REPUBLIKA.CO.ID, JAKARTA -- Ketua Himpunan Evaluasi Pendidikan Indonesia (HEPI) Bahrul Hayat mengatakan, ada empat dimensi atau isu yang mengubah jawaban kurikulum. Ia mengatakan, sejatinya pertanyaan kurikulum ini sama sejak abad 20 lalu hingga kini tetapi jawabannya selalu berbeda.
Ia menyebut Unesco Perserikatan bangsa-Bangsa tahun 1996 meramalkan abad 21 manusia harus bisa empat hal. Pertama learning to know yaitu apa yang dia harus dia tahu. Kemudian learning to do yaitu apa yang diperbuat. Ketiga, learning to be menjadi apa dan learning to live together bisa hidup bersama.
Kemudian ia mengutip menurut dokumen komisi kebijakan Amerika tahun 1938 ternyata hampir sama yaitu learning to be, learning with together, learning to do. Pertanyaan inti, kata dia, hanya ada dua yaitu apa yang mau diajarkan dan apa yang siswa akan pelajari. Pertanyaan kedua adalah bagaimana cara mengajar yang efektif dan cara siswa belajar yang efektif.
"Jawaban yang beda ini ada empat dimensi/isu yang mengubah jawaban itu," kata dia di hadapan guru di seminar bertema 'Kehidupan Menuju Revolusi Pendidikan', di aula Universitas Muhammadiyah Prof Dr Hamka, di Jakarta, Sabtu (13/5).

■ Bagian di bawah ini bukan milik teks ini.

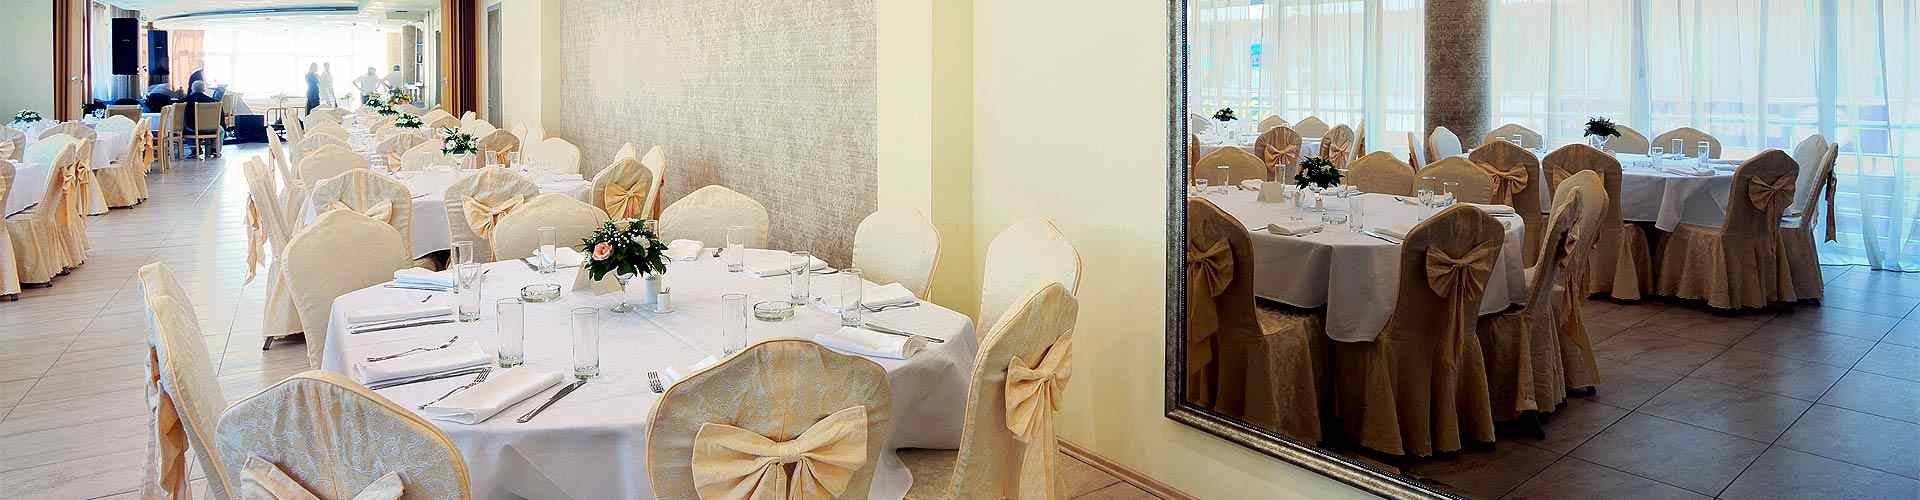 Restaurantes para bodas 2019 en Carboniella

Pertama, kurikulum di masa depan ini apa. Karena ini kurikulum bangsa. Kedua, perkembangan sains dan teknologi seperti apa. Artinya mengikuti perkembangan teknologi saat ini. Ia menyontohkan dulu Indonesia memiliki 33 provinsi dan sekarang bertambah satu menjadi 34. Ketiga, teori belajar ini selama ratusan tahun apa yang berkembang sekarang. Terakhir, assesment atau penilaian.
"Empat isu ini yang membuat perubahan kurikulum," ujarnya. Jadi, kata dia, pertanyaan sama, jawaban yang harus berbeda. Untuk itu, ia meminta kurikulum dan pengajaran fokus empat ini.

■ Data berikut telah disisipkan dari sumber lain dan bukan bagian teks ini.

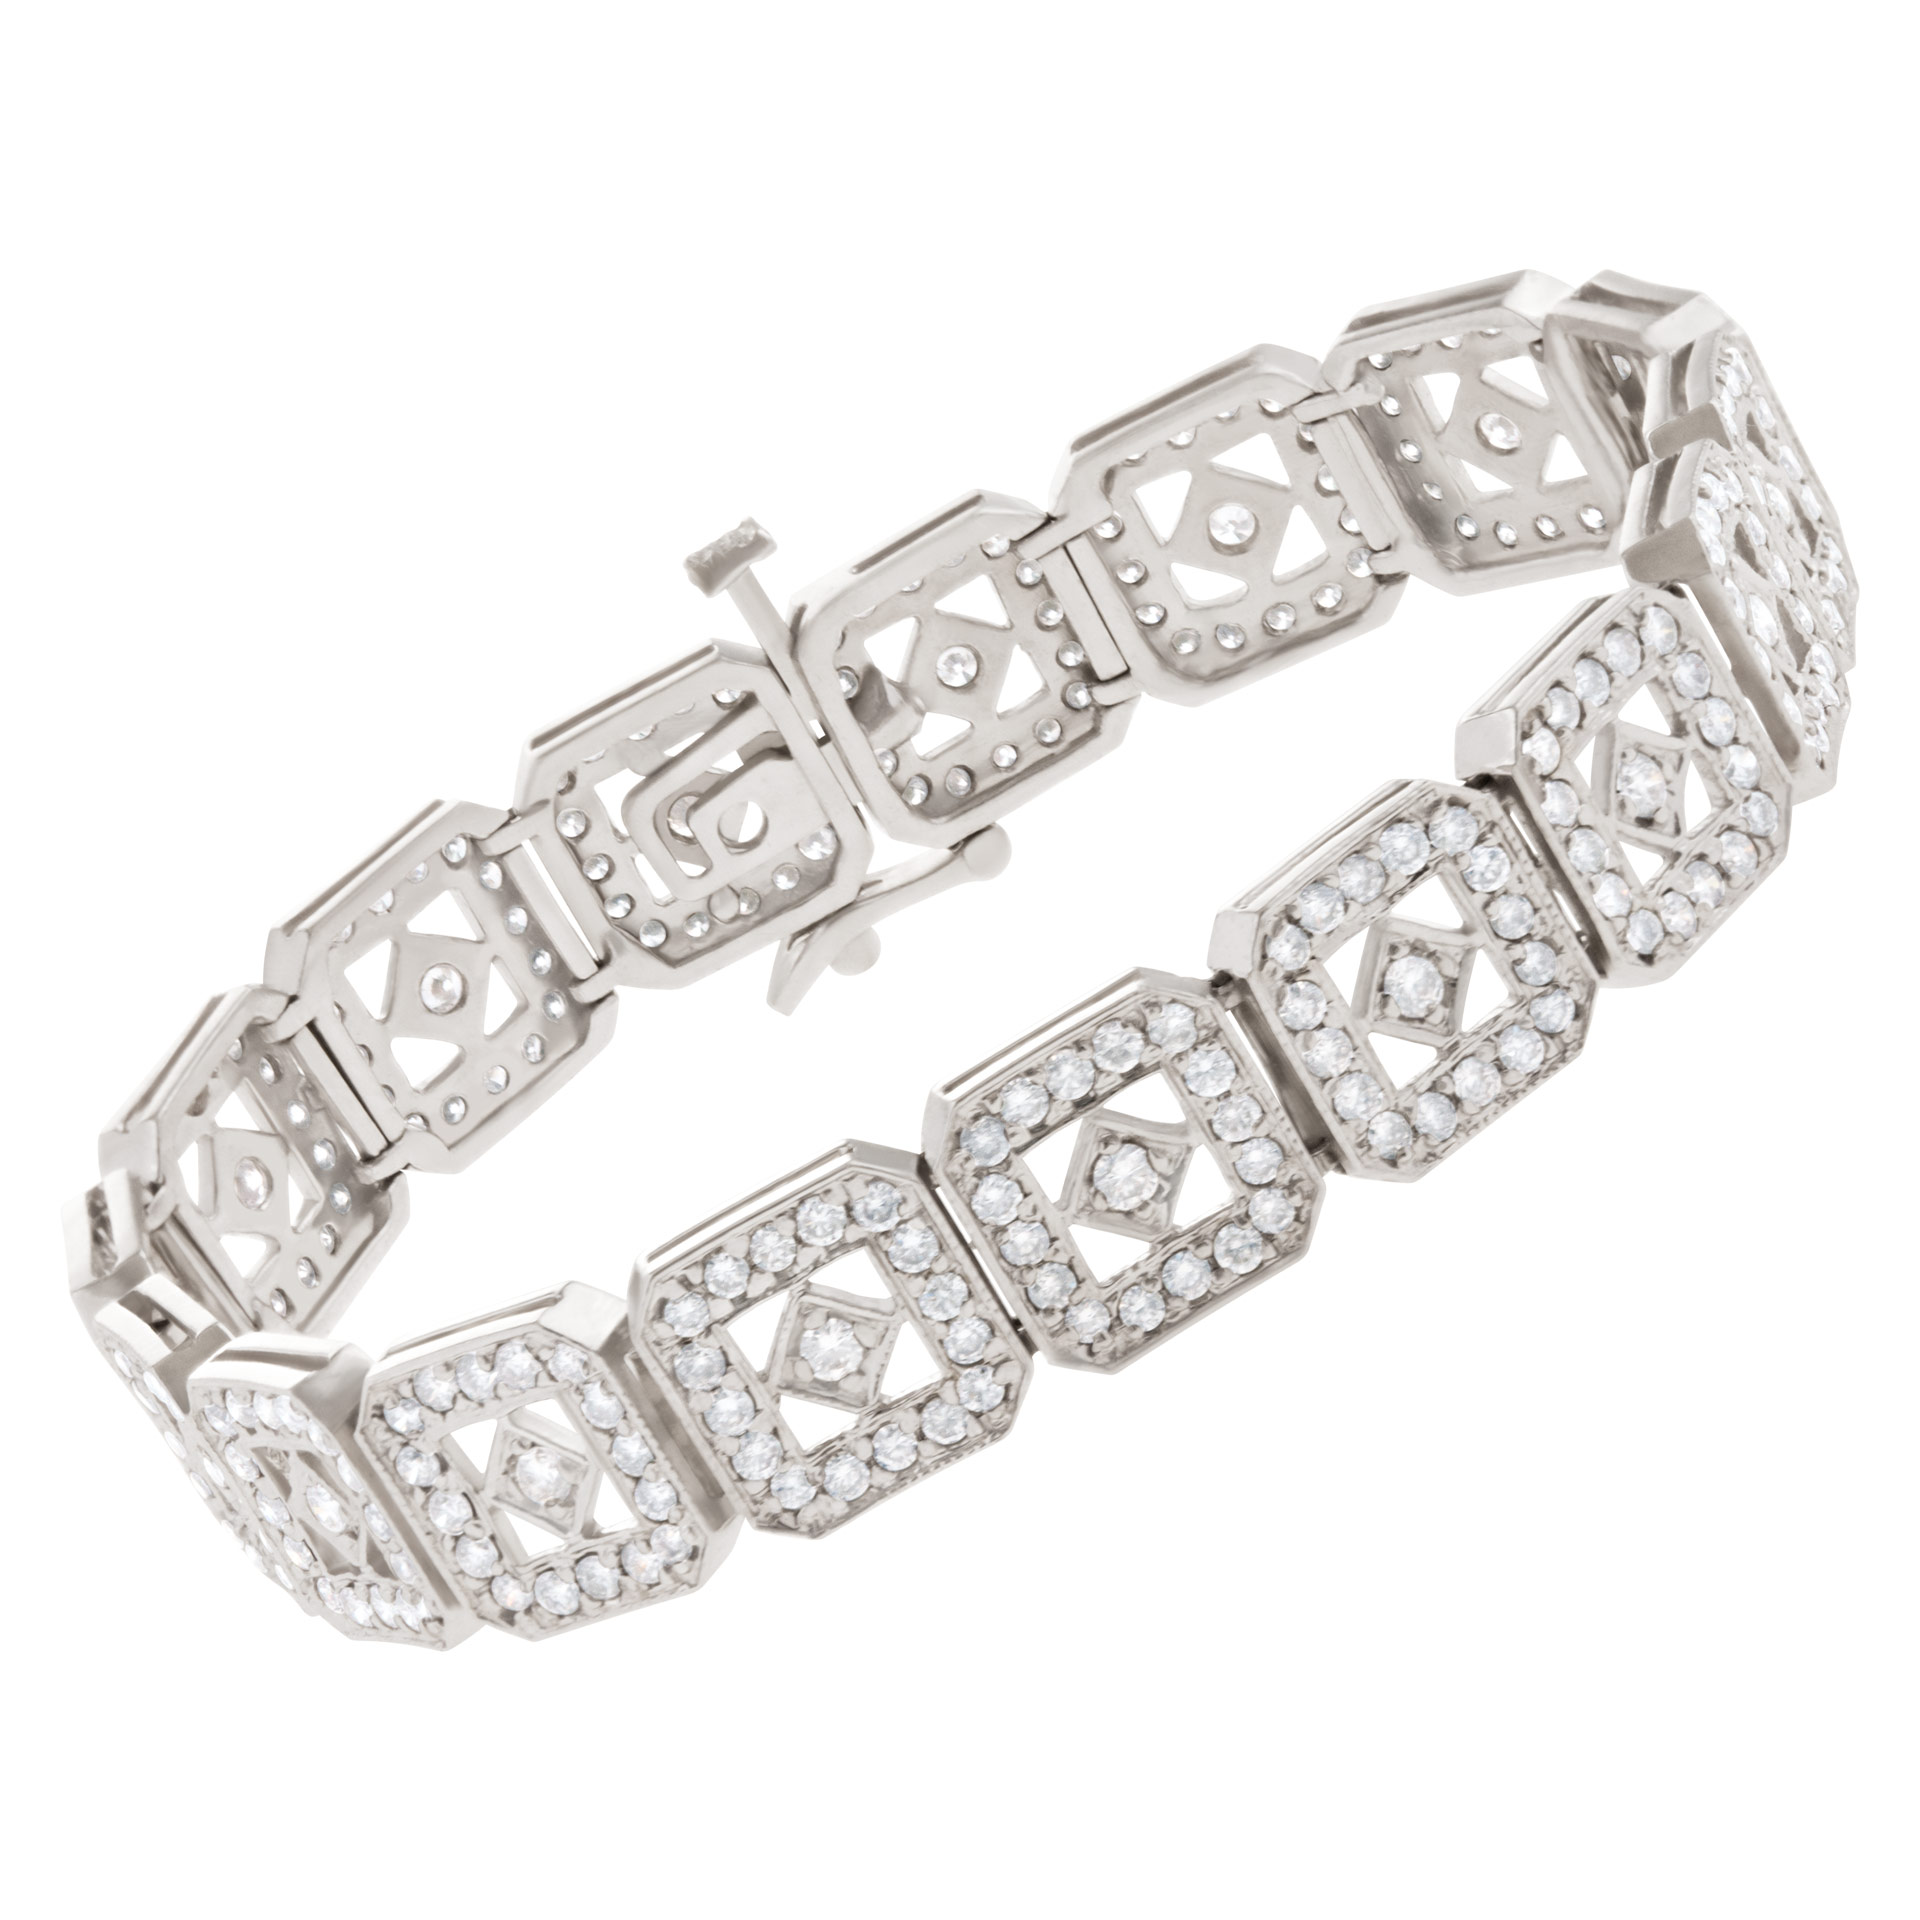 Diamond bracelet in 14k white gold

"Yakinkan menguasai empat ini. Saya mau anak bisa apa, berikan pengalaman apa, bagaimana mengorganisasikan dengan efektif pengalaman ini," katanya. Ia menambahkan, model terlemah kurikulum adalah terlalu banyak yang diinginkan kurikulum tapi kedalamannya sangat dangkal ibaratnya hanya satu inchi saja. ia juga mengkritisi kurikulum harusnya penting membuat kurikulum dimana jalan anak menuju apa yang dia harus tahu dan setahap demi setahap secara vertikal menjadi bagian utama perubahan kurikulum.

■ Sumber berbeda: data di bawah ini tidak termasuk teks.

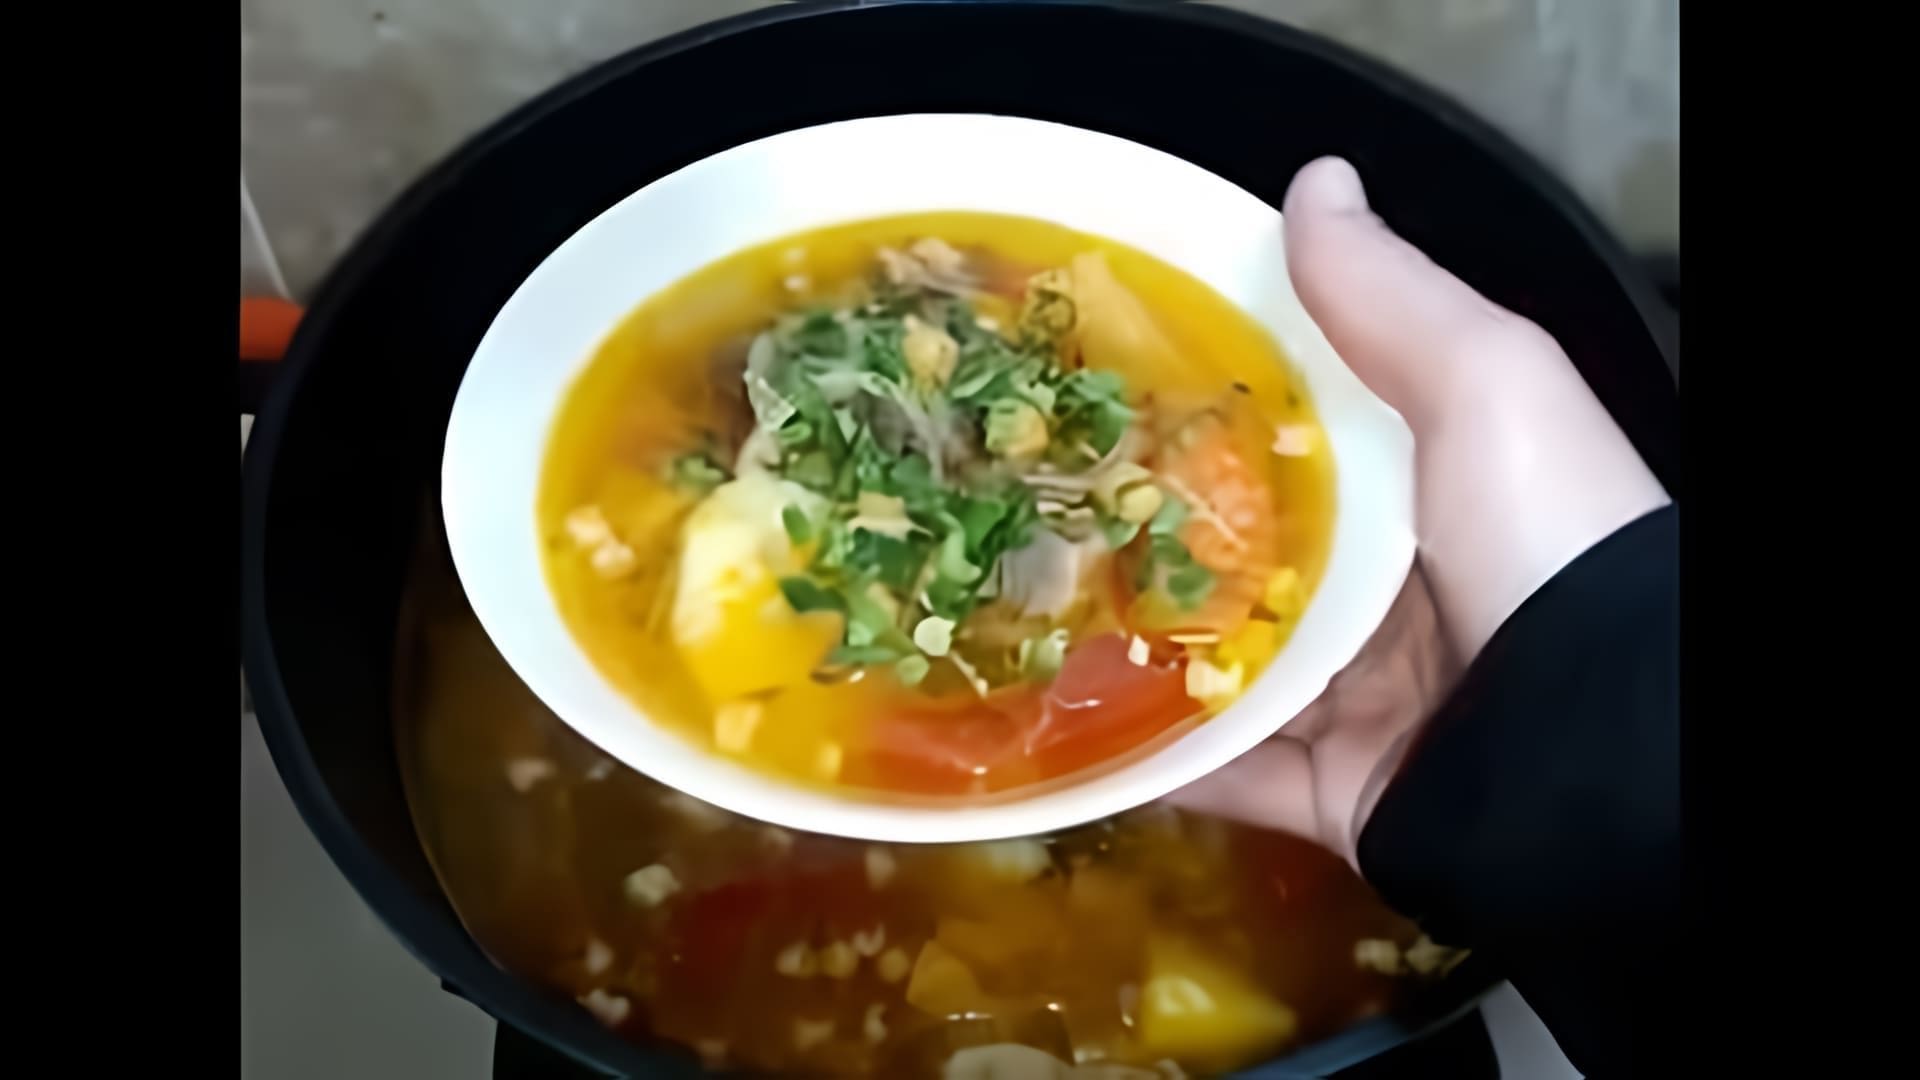 Шурпа - это классический узбекский суп, который готовится из мяса, овощей и специй

"Selain itu pahami anak tidak sama pintarnya. Butuh kesabaran untuk menghadapi perbedaan," ujarnya. Ia menambahkan, para guru tidak perlu ajarkan semua tapi meaning harus ditangkap. Yang juga tak kalah penting terkait proses hingga kemauan siswa.
Jadi bergerak dari nol ke satu dan seterusnya. Keberhasilan belajar juga ditentukan emosi. Keberhasilannya bisa lebih 50 persen. Selain itu ia juga meminta guru memiliki bukti potensi masing-masing anak. Sayangnya, ia menyebut guru hanya mencatat nilai-nilai anak.